DRINKING WATER TREATMENT SLUDGE AS AN EFFECTIVE ADSORBENT FOR LINEAR ALKYLBENZENE SULFONATE FROM SYNTHETIC SOLUTIONS

Abstract

Drinking water treatment sludge, a byproduct of the coagulation process in water purification plants, offers potential for sustainable reuse in environmental remediation. This study investigates alum sludge as a cost-effective adsorbent for removing Linear Alkylbenzene Sulfonate (LAS), a common anionic surfactant in laundry wastewater. Due to its persistence and toxicity, improper discharge of LAS poses serious ecological risks. This study proposes an eco-friendly approach by repurposing waste sludge to eliminate such pollutants. Characterization studies of sludge showed a loamy sand texture with a pH of 7.42 ± 0.06, bulk density of 0.64 ± 0.1 g/cm³, particle density of 2.00 ± 0.4 g/cm³, porosity of 0.68 ± 0.1, and point of zero charge (PZC) of 6.60 ± 0.04. Batch adsorption studies were conducted using the Methylene Blue Active Substances (MBAS) method to evaluate LAS removal under varying particle sizes, sludge dosages, contact times, and pH levels.
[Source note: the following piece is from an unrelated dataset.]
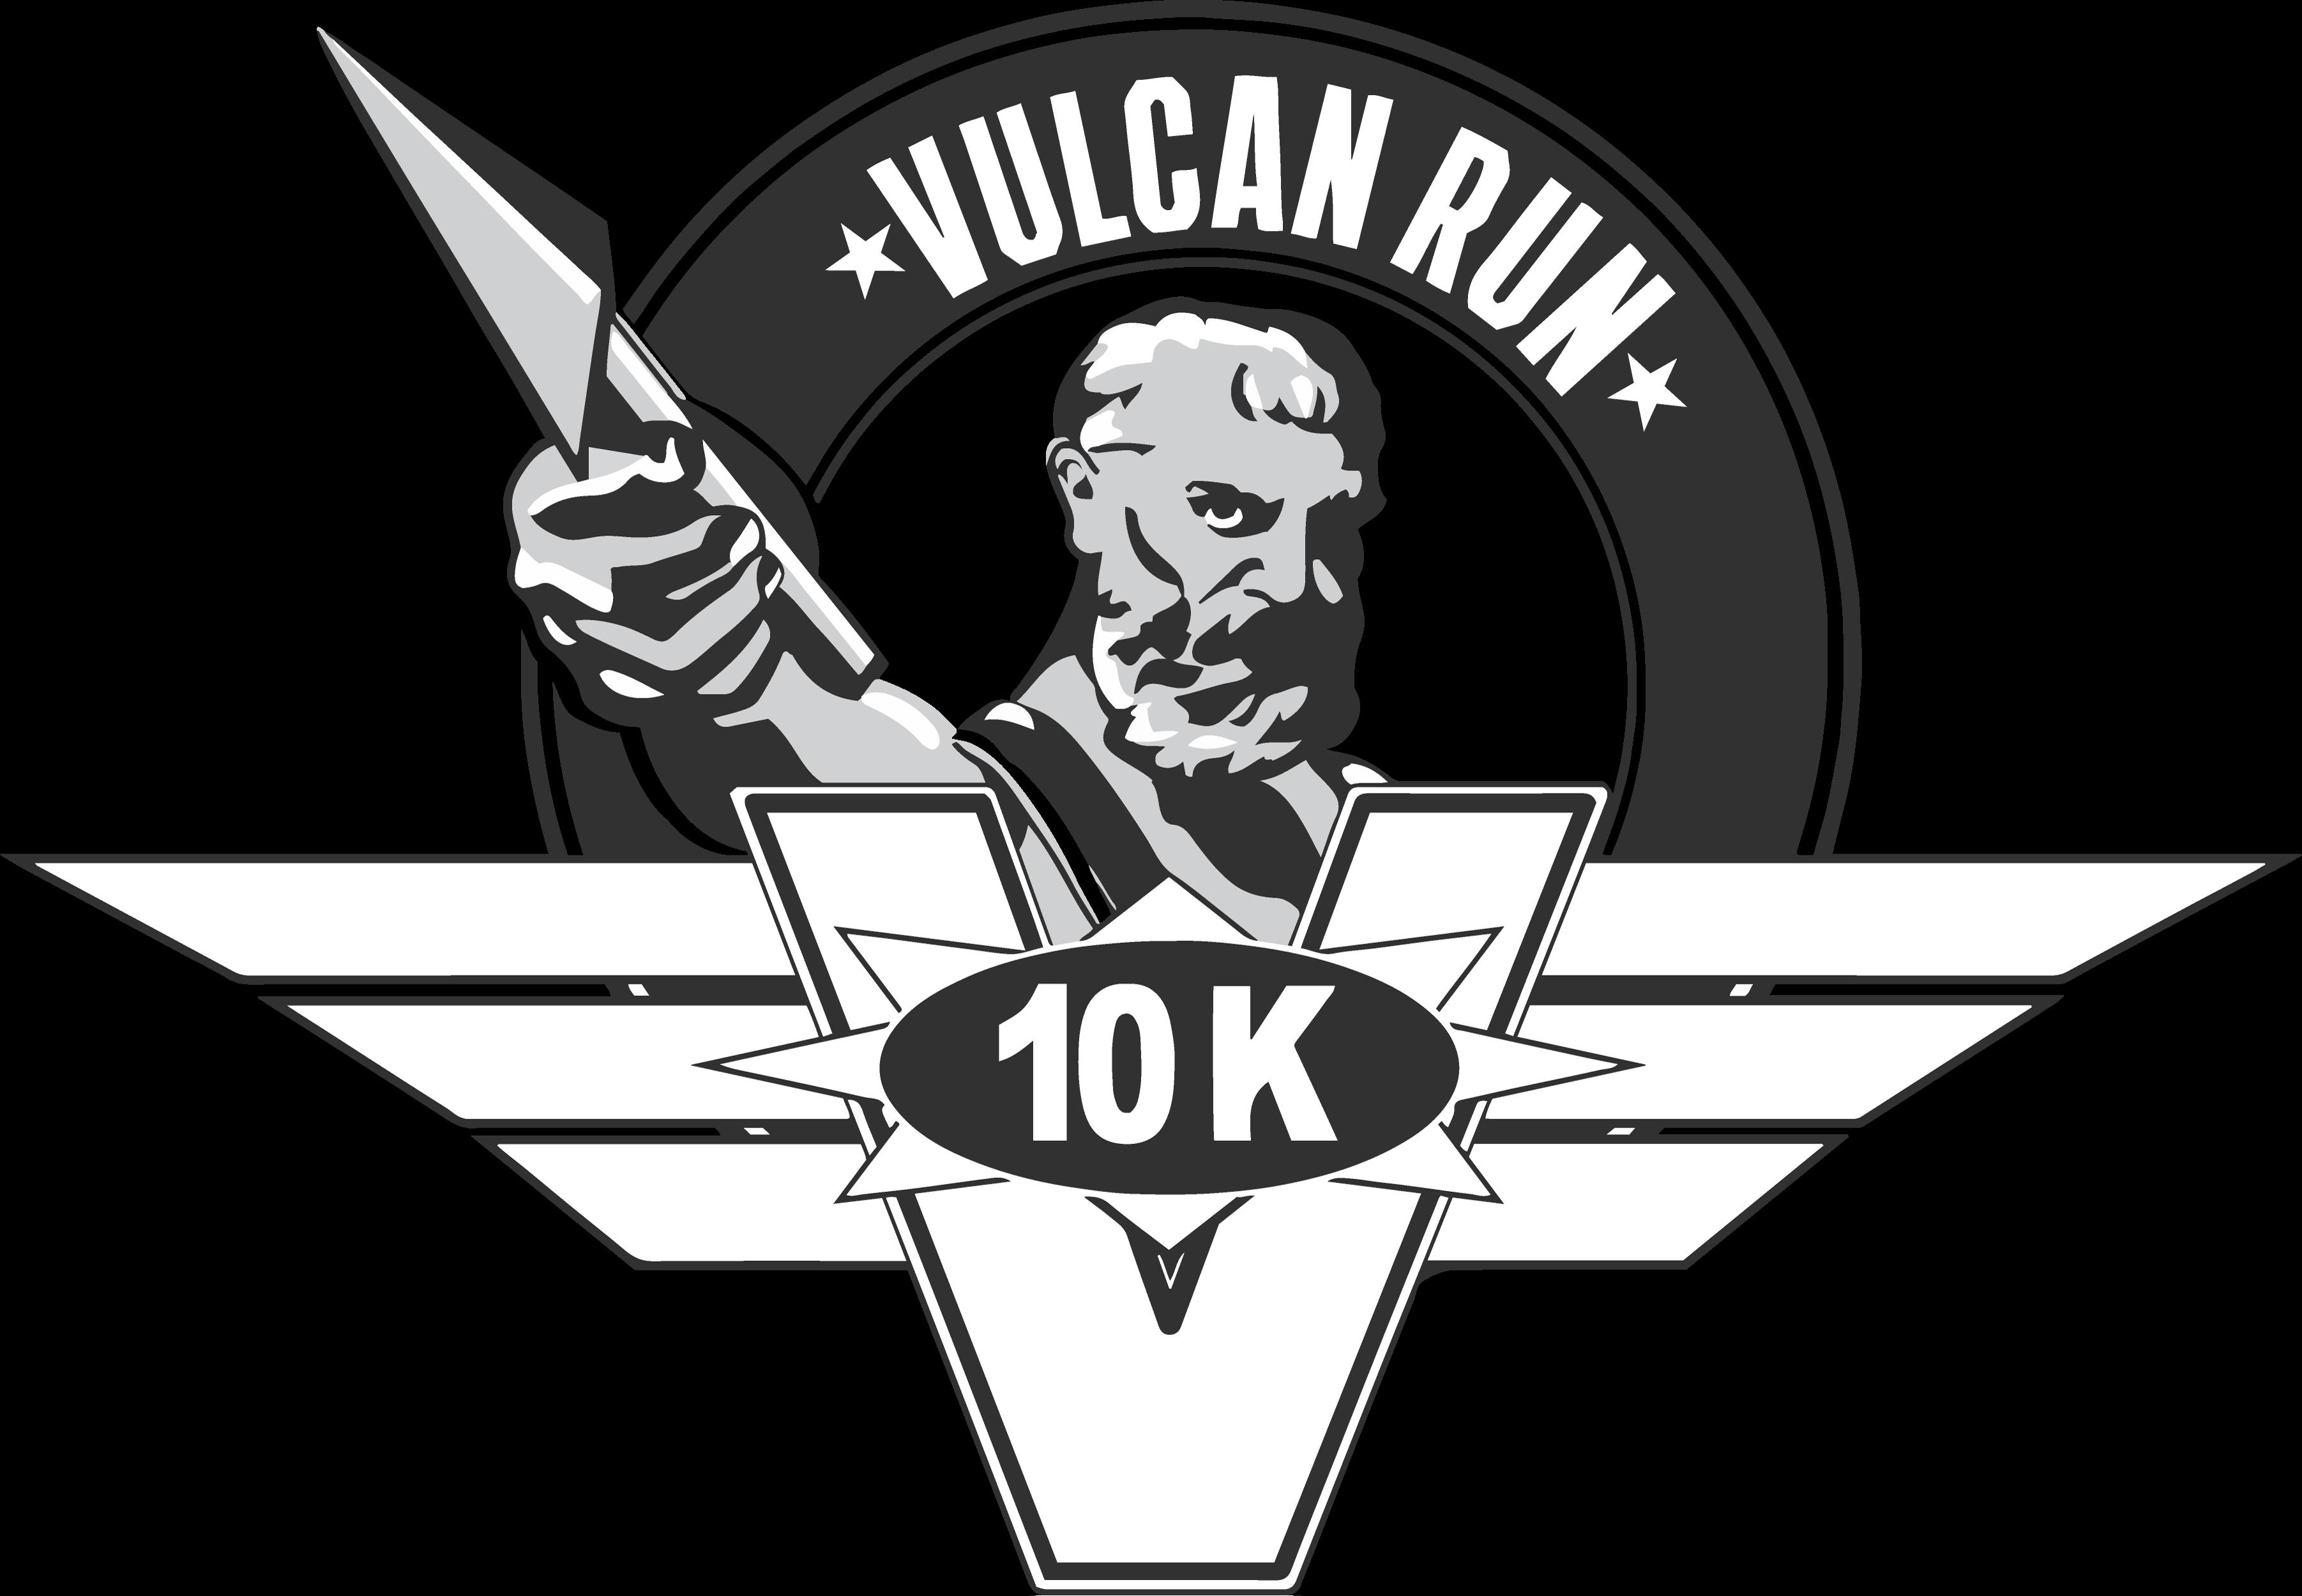 Vulcan run k fleet. Race clipart started

Fine particles (<0.5 mm) achieved the highest removal efficiency (47.04 ± 1.32%), while coarser particles (>3.2 mm) were less effective. Adsorption efficiency increased with higher sludge-to-solution ratios, peaking at 99.52% at a 1:2 ratio; beyond this, no significant improvement occurred. Contact time studies found optimal removal (99.49 ± 0.20%) at 60 minutes, after which equilibrium was reached. Lower pH (acidic pH) favored the adsorption process, and adsorption data fit the Langmuir isotherm model, suggesting monolayer surface coverage. These results highlight the potential of alum sludge in removing LAS from contaminated water, providing a low-cost, sustainable alternative to traditional adsorbents. The study supports waste valorization and lays the groundwork for eco-friendly surfactant removal methods using readily available industrial byproducts.